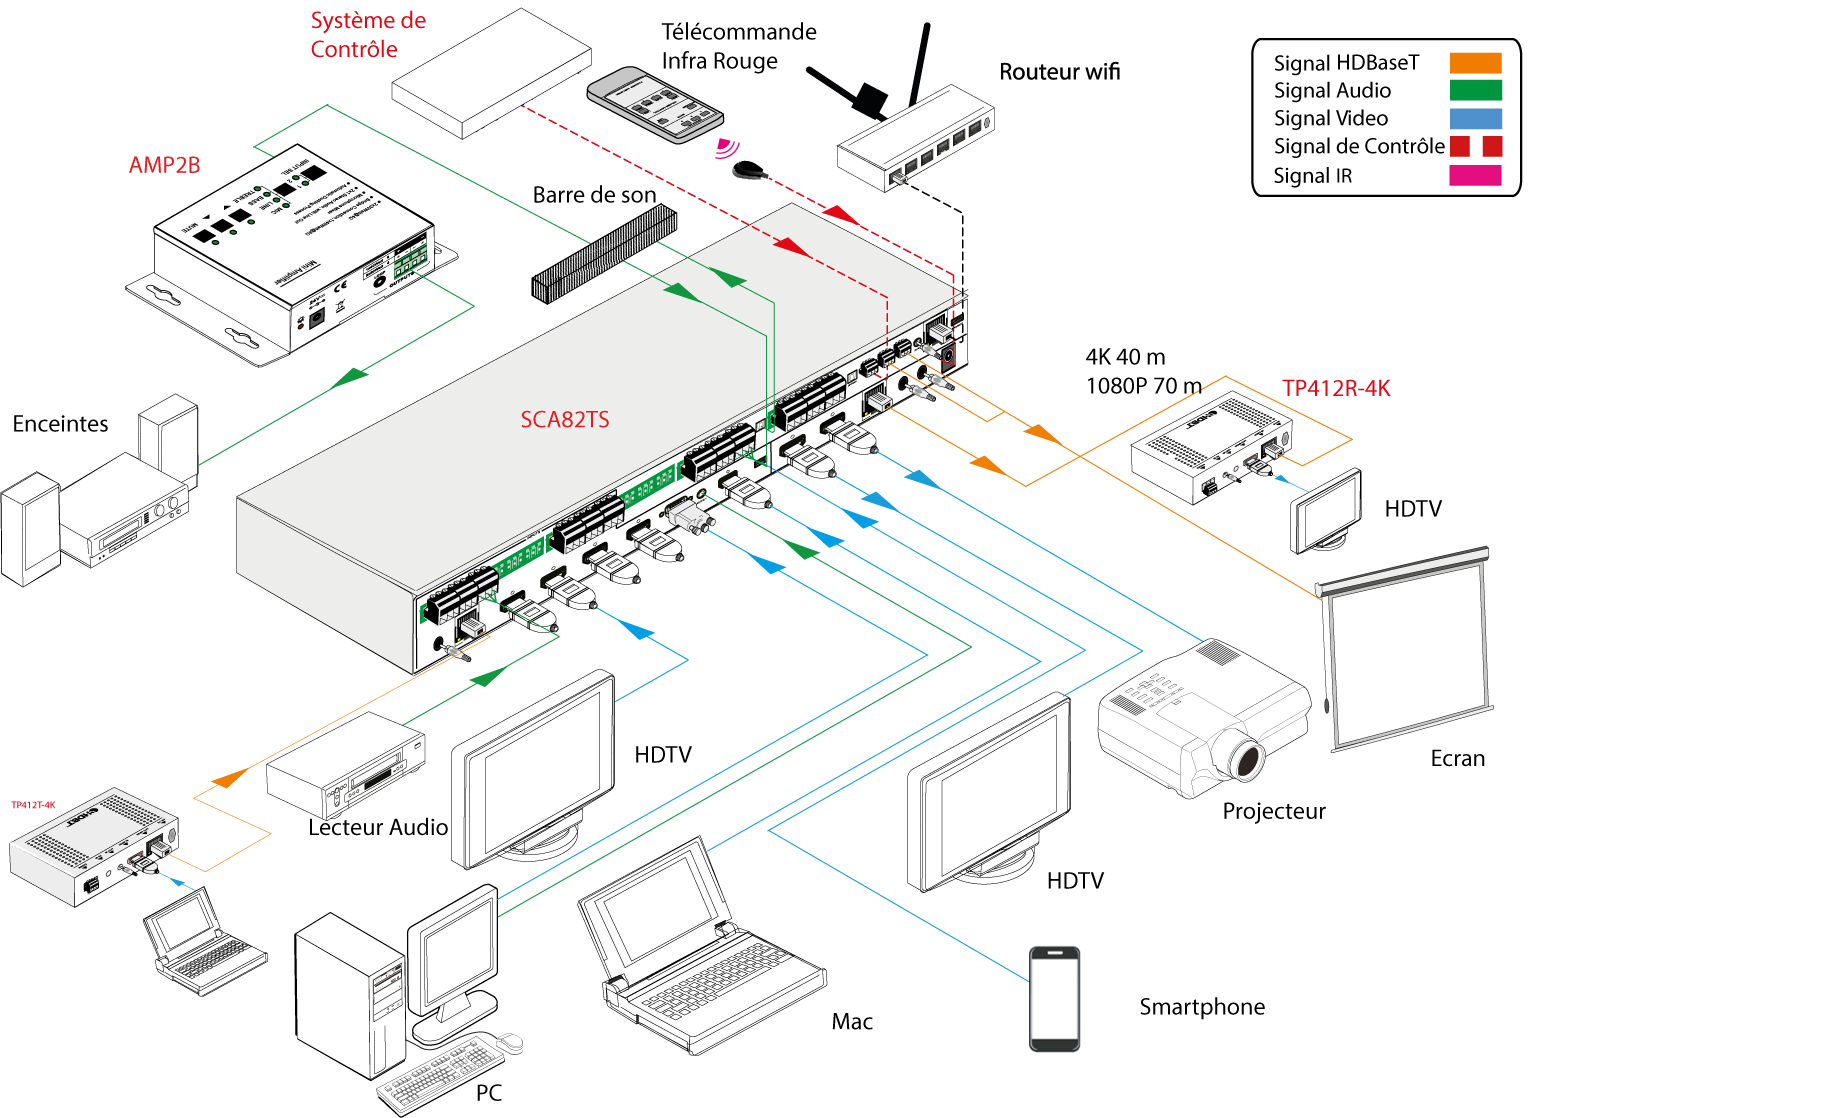 SCA82TS - Scaler seamless 4K@60Hz 4:4:4 40m HDMI2.0
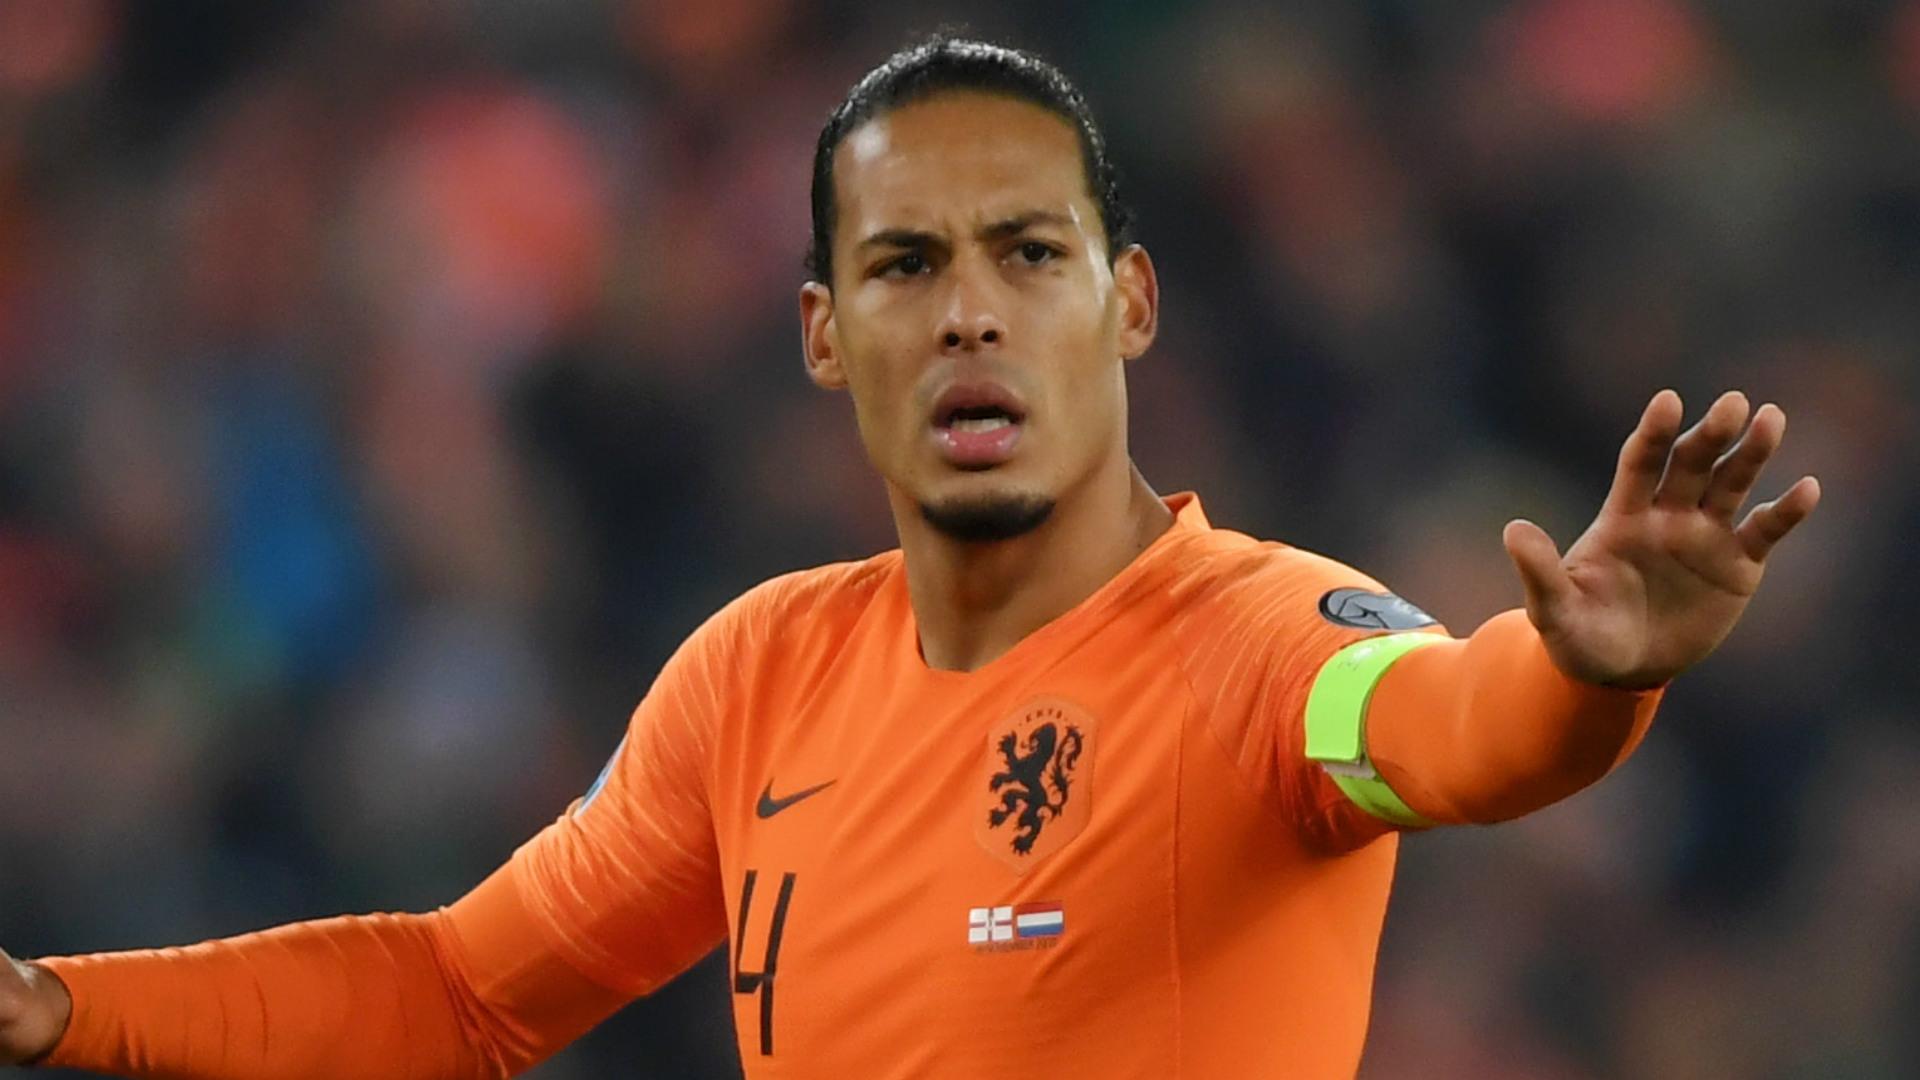 Video: Van Dijk makes no excuses for Dutch defeat to Italy
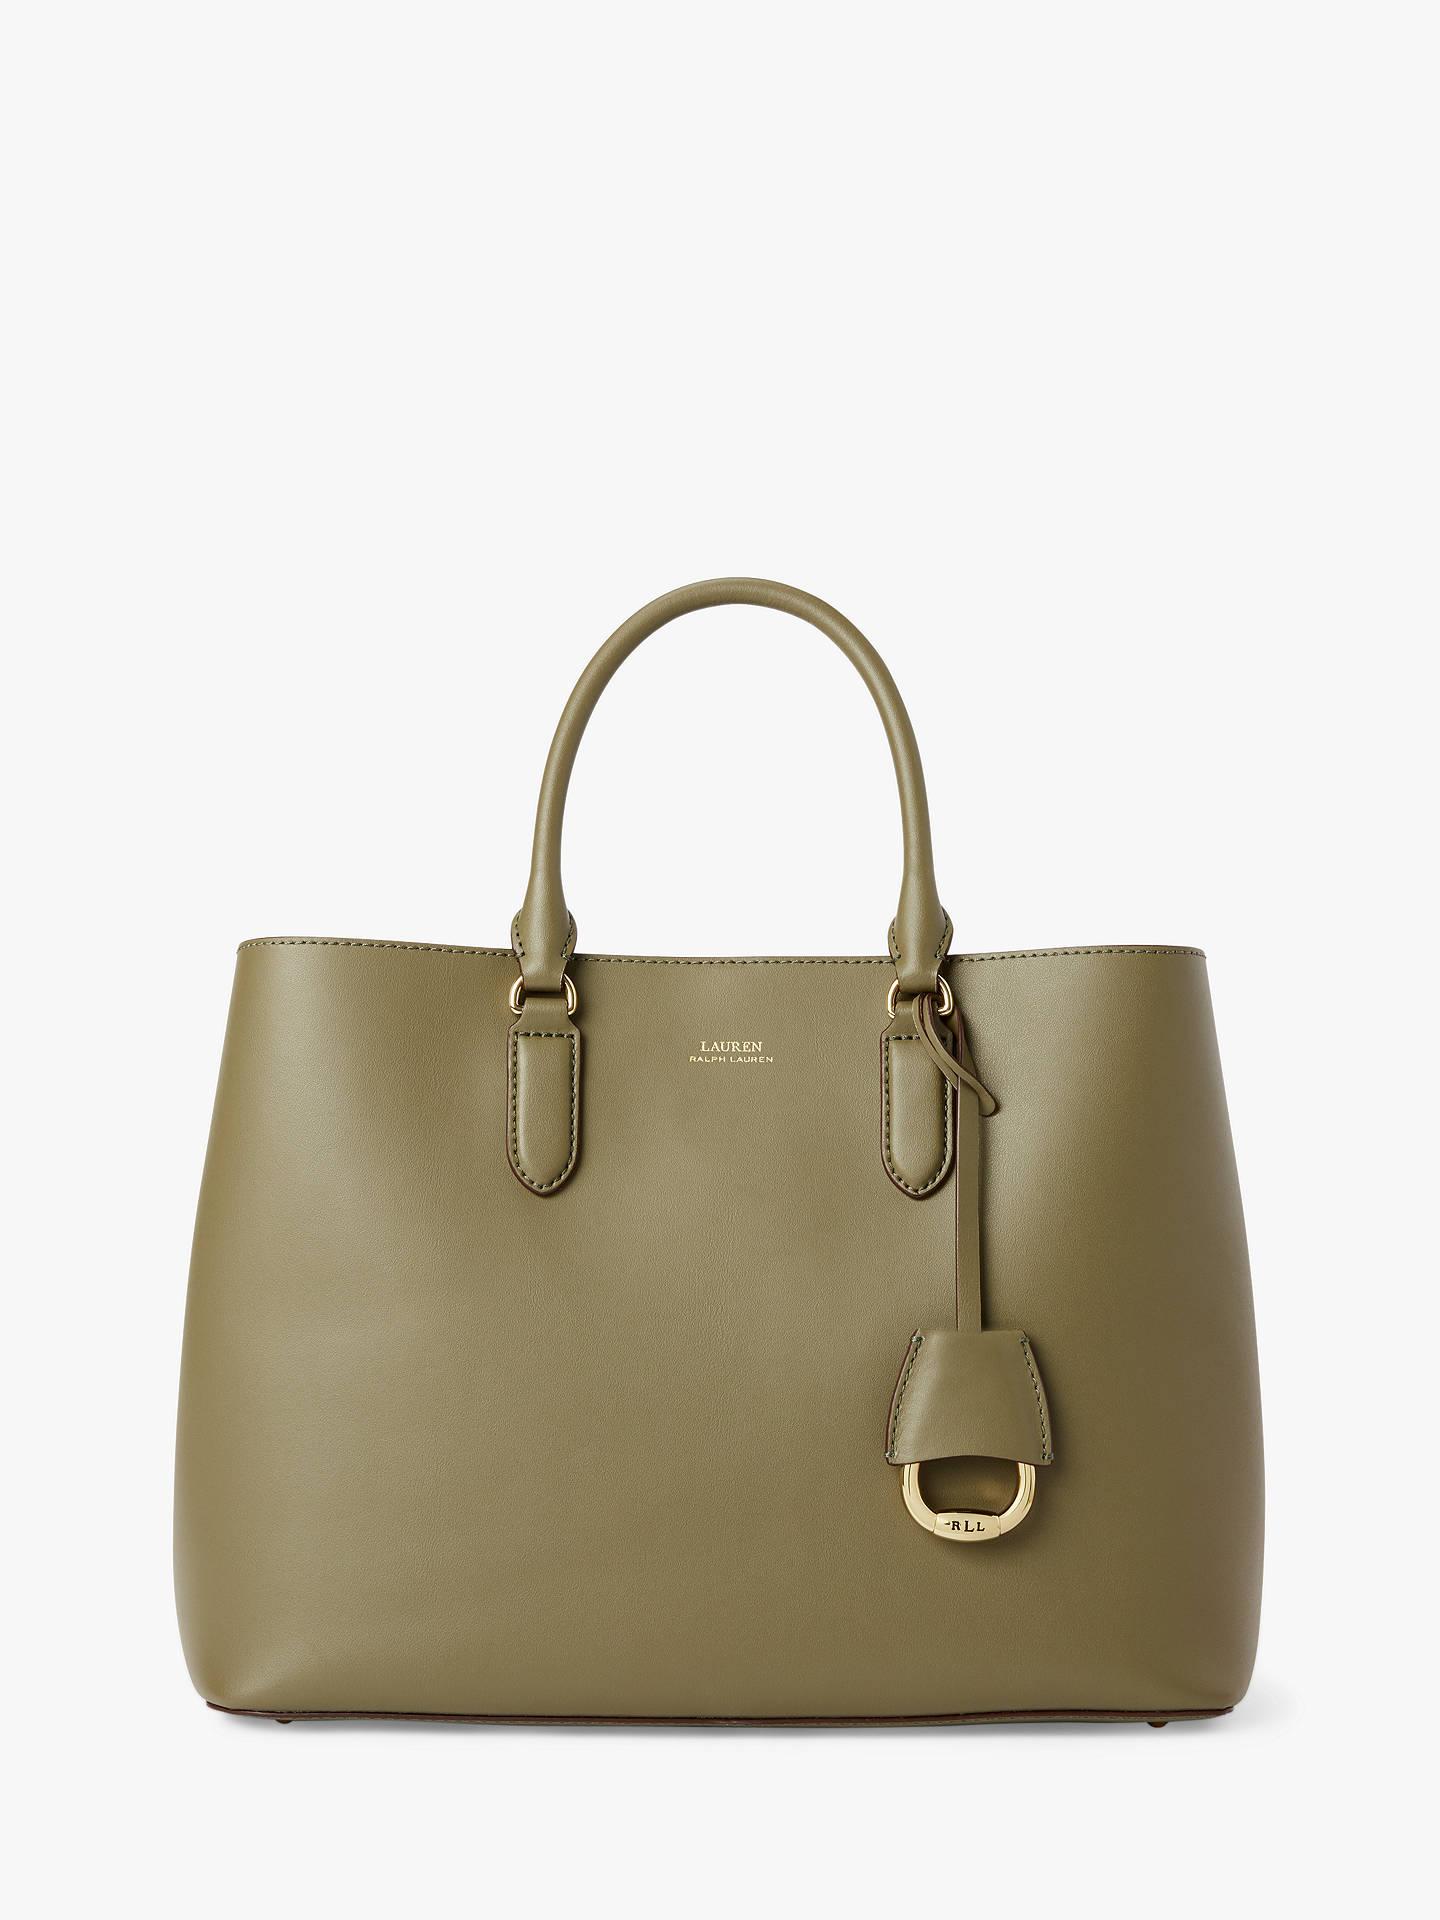 bafbaeaddd Lauren Ralph Lauren Dryden Marcy Leather Satchel Bag, Sage/Vanilla

* * *

* Your task *
Print the listing above in full, exactly as written. Omit any pictures.

* Output of the task *
 SCA82TS - Scaler seamless 4K@60Hz 4:4:4 40m HDMI2.0
 Video: Van Dijk makes no excuses for Dutch defeat to Italy
 bafbaeaddd Lauren Ralph Lauren Dryden Marcy Leather Satchel Bag, Sage/Vanilla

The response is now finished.